The following illustration is from SD-WAN vendor Velocloud, and is given as an example

This could put mission-critical applications onto managed connections, with less-demanding traffic onto Internet access. Or it could be “Internet-primary” and use more expensive connections only when congestion seems to be causing problems. It can also link into major IaaS and cloud platforms (Amazon, Google, Microsoft etc) in different locations and with large-scale connections. Many other use-cases and permutations are feasible as well, especially when linked with UCaaS or other SaaS offers.
In other words, SD-WAN could be described as “Arbitrage-as-a-Service” or “Managed Least-Cost-Routing”. Where the SD-WAN is offered by a company which isn’t one of the access providers, it is essentially “OTT-QoS” – although I think that “Quasi-QoS” sounds better.

I see this as a conspicuous threat to various forms of NFV-based enterprise service, especially what gets called NFVaaS or NaaS. By putting an overlay around access connections, it reduces the ability for any extra capabilities to be offered from within their infrastructure.

My colleague Martin Geddes has been scathing about this type of “QoS” (link) – noting that the underlying “network science” doesn’t allow for performance to be accurately predicted or guaranteed, without some very clever maths in the access network boxes. The “failure modes” can be ugly, as sudden sub-second spikes and buffering issues can occur and disappear randomly, trashing sensitive applications before the SD-WAN can respond.

My sense is that while that might be technically true, the real-world problems are more prosaic. Either a fully-dimensioned MPLS connection is too costly, or something fails completely because a fibre is cut, or a network node crashes and reboots. Or, is is the case here, the economics are so compelling that it's cheaper to just buy two redundant connections rather than optimise one.

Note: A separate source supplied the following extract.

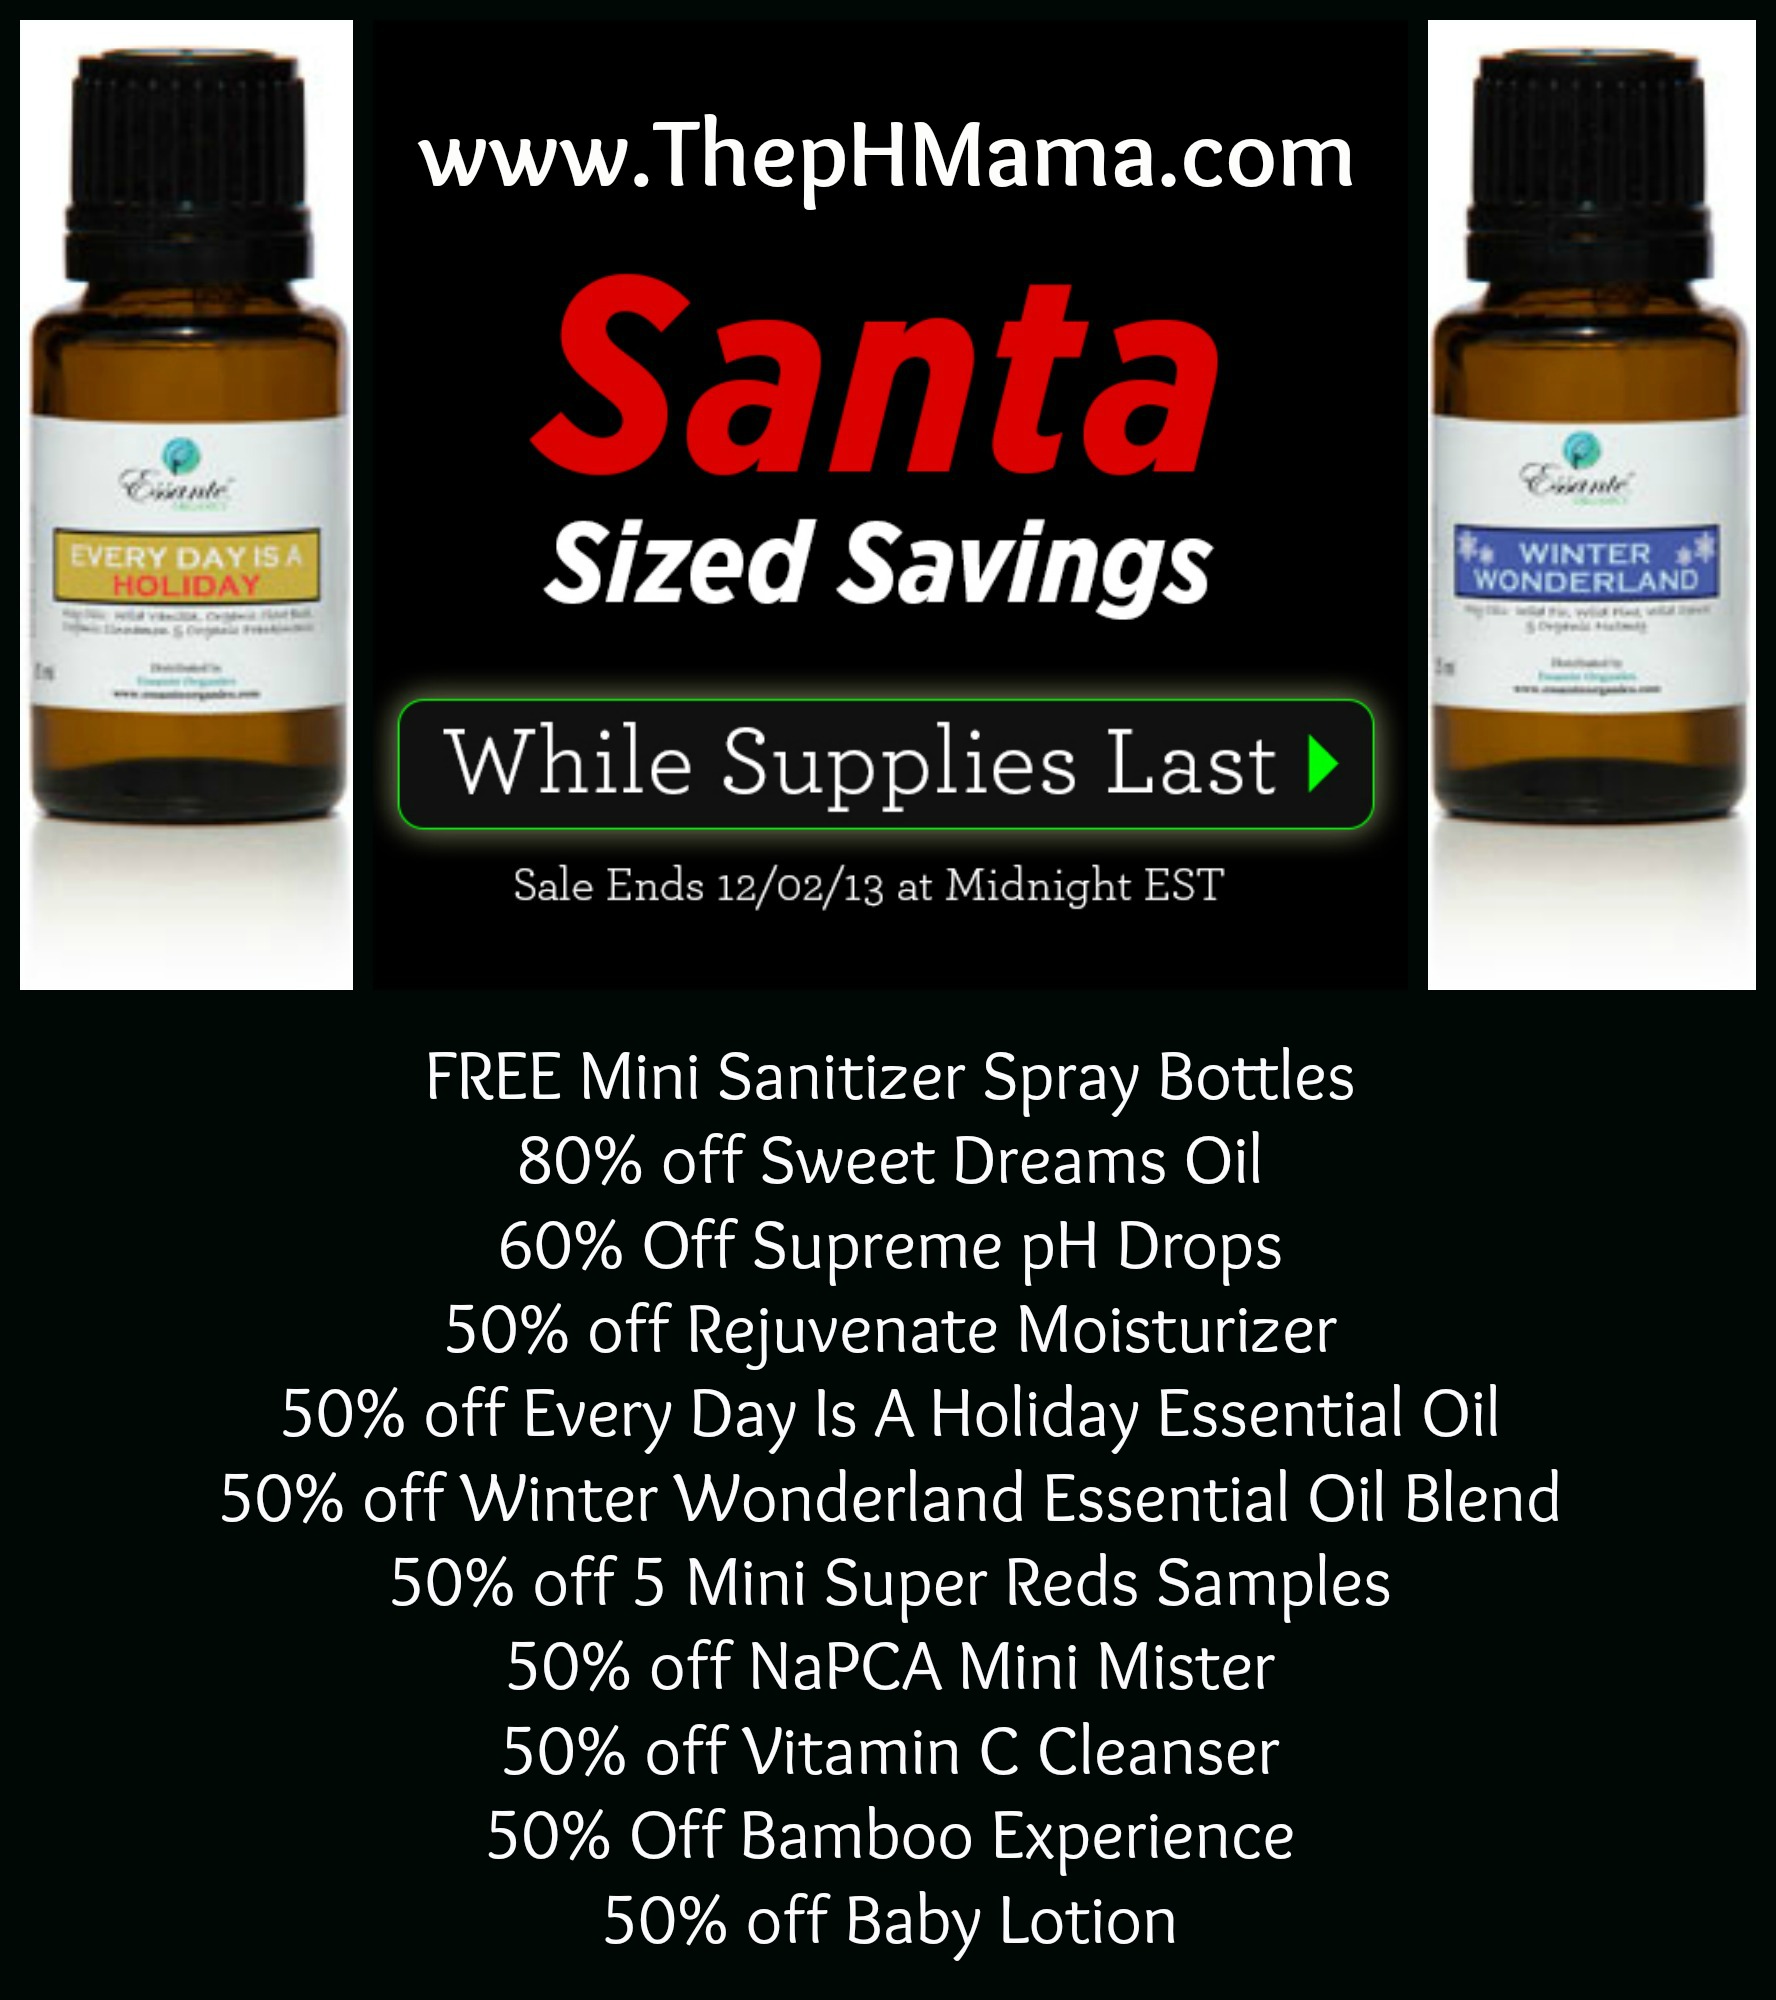 cyber monday, Essante, organic essential oils, beauty, baby, nutrition, work at home, business, deal, 50% off, 60% off, 80% off, free, www.ThepHMama.com

The bottom line is that SD-WAN is potentially a game-changer - and it potentially undermines the NFV argument, not just for UC services, but perhaps other functions too. While some vendors are working with telcos to offer hybrid solutions, that's because of customer pull. This isn't to say that it invalidates everything proposed by NFV believers - far from it, in fact - but it does act as a counterbalance to the view that virtualisation is all telcos need to dominate enterprise connectivity and communications. 

SD-WAN entrenches the idea that enterprise communications and apps are decoupled from access. It also empowers Internet-based UCaaS providers to offer SLAs and QoS guarantees without owning access connectivity themselves - for example, Vonage works with VeloCloud, and Star2Star has its own connectivity boxes that optimise "vanilla Internet" access.